Republicans have typically picked nominees who fit the manager mold more closely than the populist one (although some, particularly Ronald Reagan and George W. Bush, combined elements of both). But the demographic balance of power inside the GOP coalition is shifting downscale, a change that could provide a greater opening for the populists, including Palin if she runs. The party’s new tilt could also produce a 2012 race that divides the GOP much more than before along lines of class and education, the same fissures that have often characterized Democratic nominating contests, particularly the 2008 race between Barack Obama and Hillary Rodham Clinton.

“We know from history that usually, almost always, the manager wing—the mainstream conservative Republican wing—nominates the candidate,” says consultant John Weaver, a longtime senior strategist for 2008 GOP nominee John McCain. “But if we are seeing real cultural shifts inside the party where we will have more blue-collar, noncollege-educated voters, that could change.”

THE CLASS INVERSION

In the first decades after the New Deal, the GOP was the party of the corner office. During that era, Republican presidential and congressional candidates routinely ran better among white voters with at least a four-year college degree than among those without one, according to the University of Michigan’s biennial national election polls dating back to the early 1950s.

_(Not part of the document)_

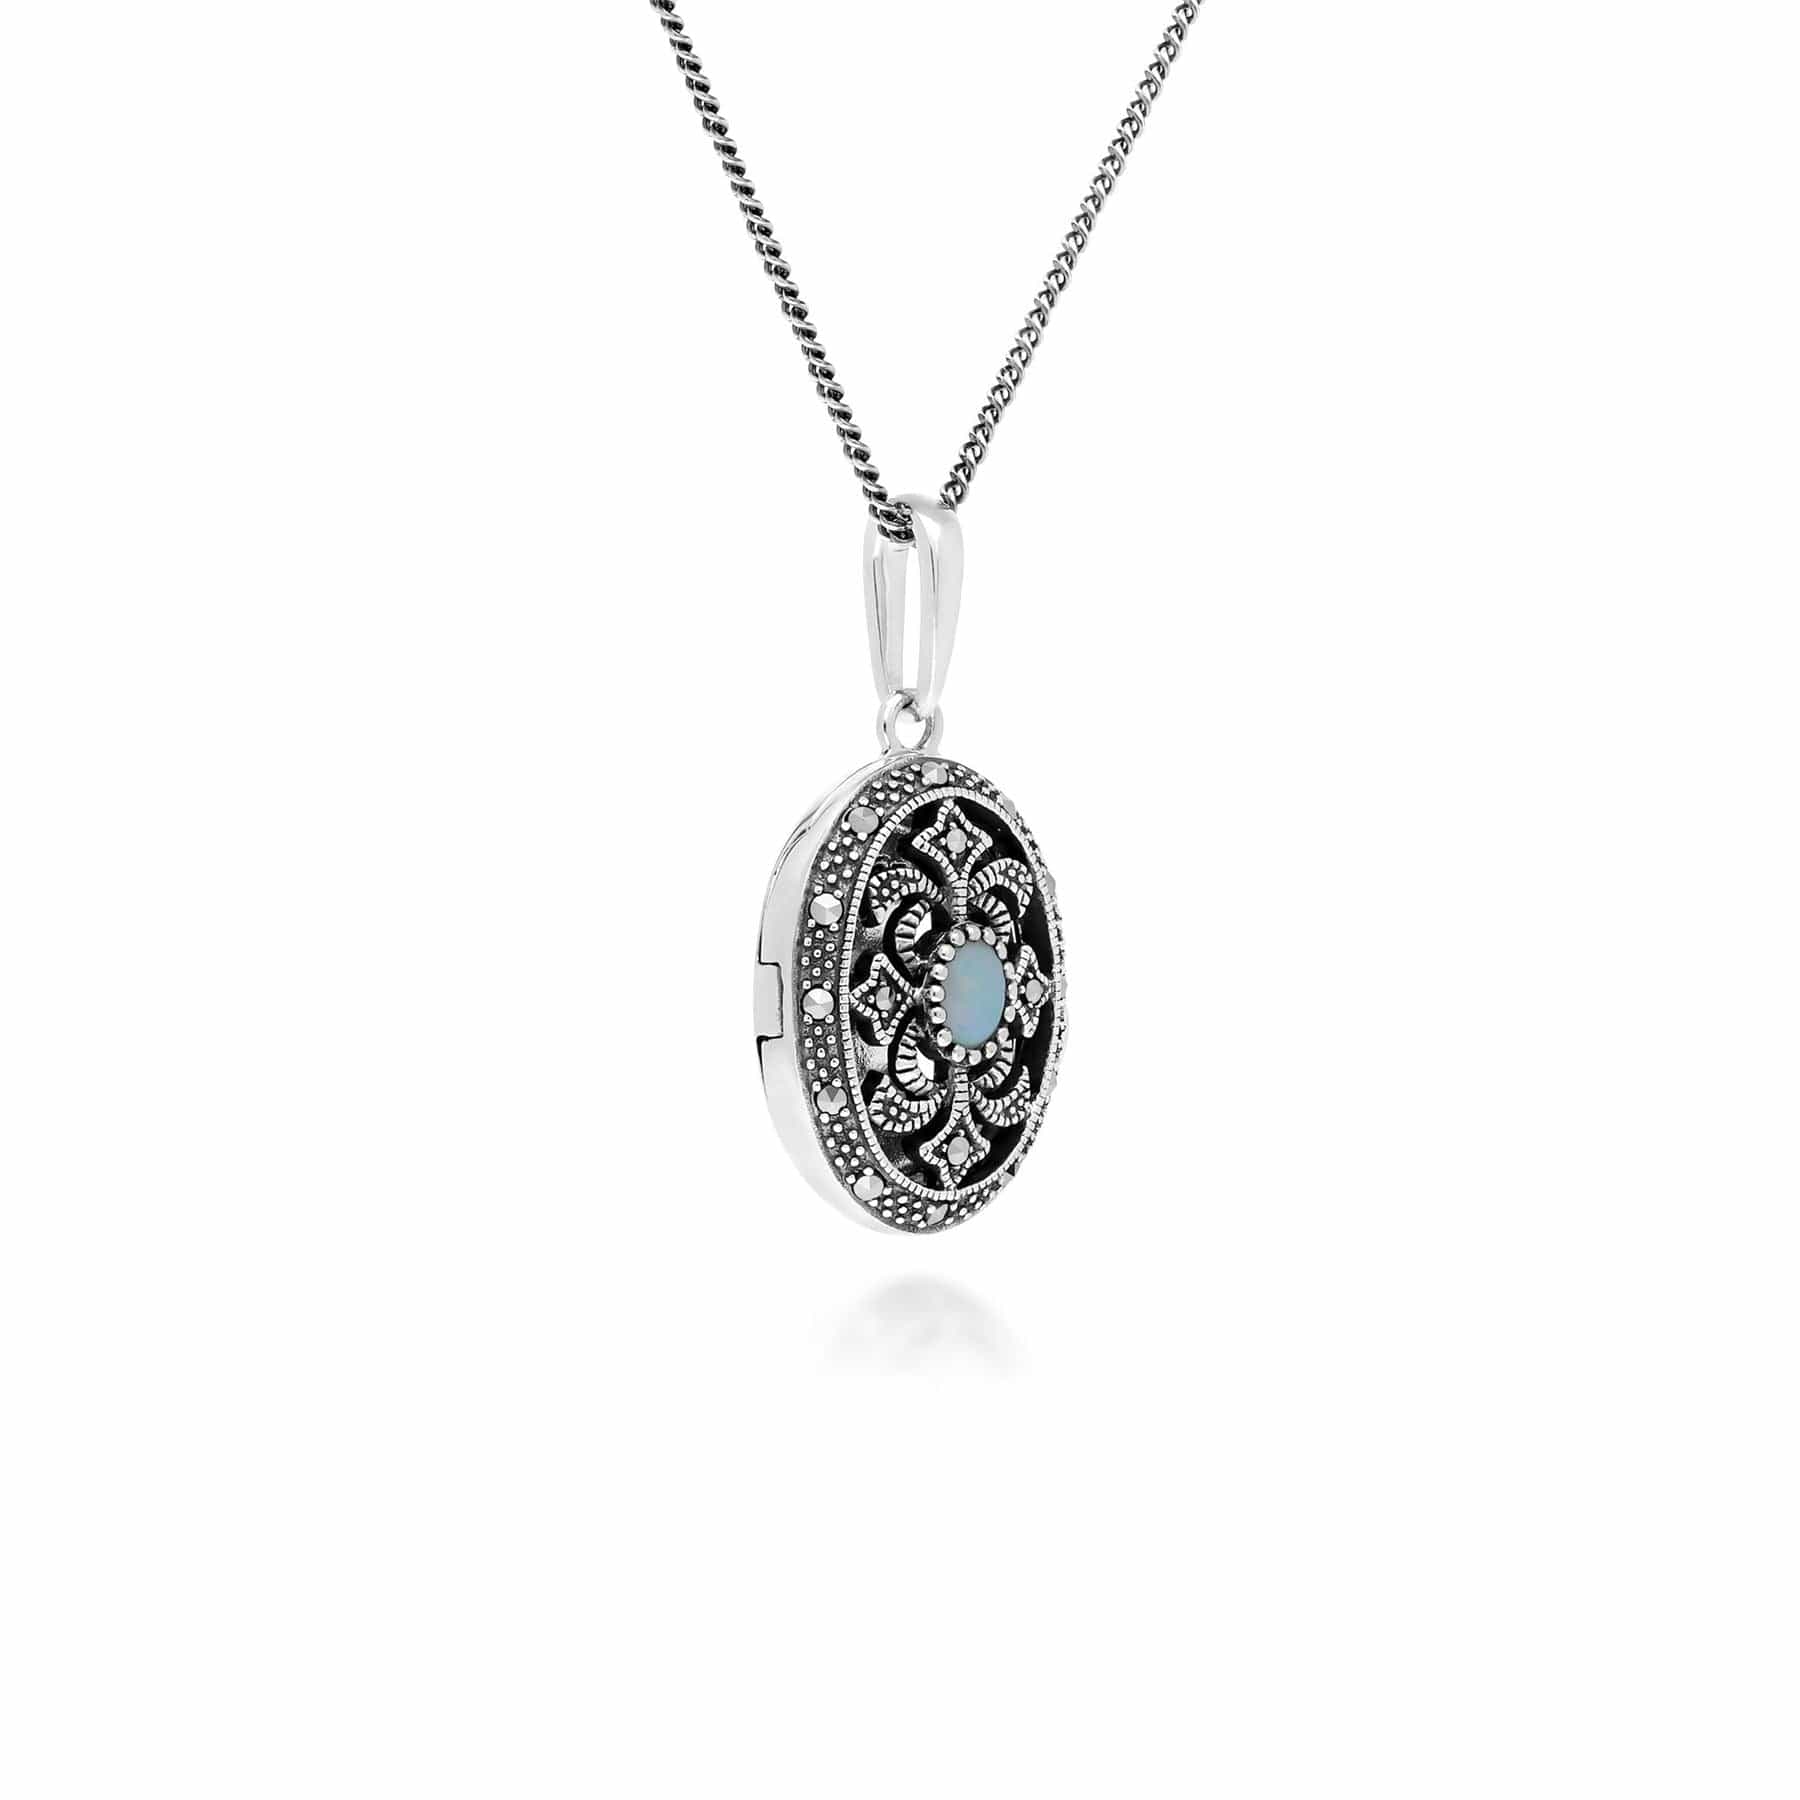 214N716212925 Art Nouveau Style Oval Opal & Marcasite Locket Necklace in 925 Sterling Silver 2

Since the 1960s, however, Republicans have steadily improved their position among working-class whites, many of whom lean toward the right on cultural and national-security issues and view government skeptically. As Republicans have reached deeper into those blue-collar communities, Democrats have improved their performance among college-educated white voters who trend toward liberal positions on the same social and foreign-policy issues that have drawn many working-class whites toward the GOP.

The result has reversed the historic pattern: In the three presidential elections since 2000, Bush and McCain each won a larger share of the vote among noncollege than college-educated whites. In the 2010 midterm elections, Republicans dominated among virtually all white voters, but the same pattern held: According to exit polls, the GOP captured the votes of a stunning 63 percent of noncollege whites in House races, an even more astronomical number than the 58 percent the party won among college-educated whites.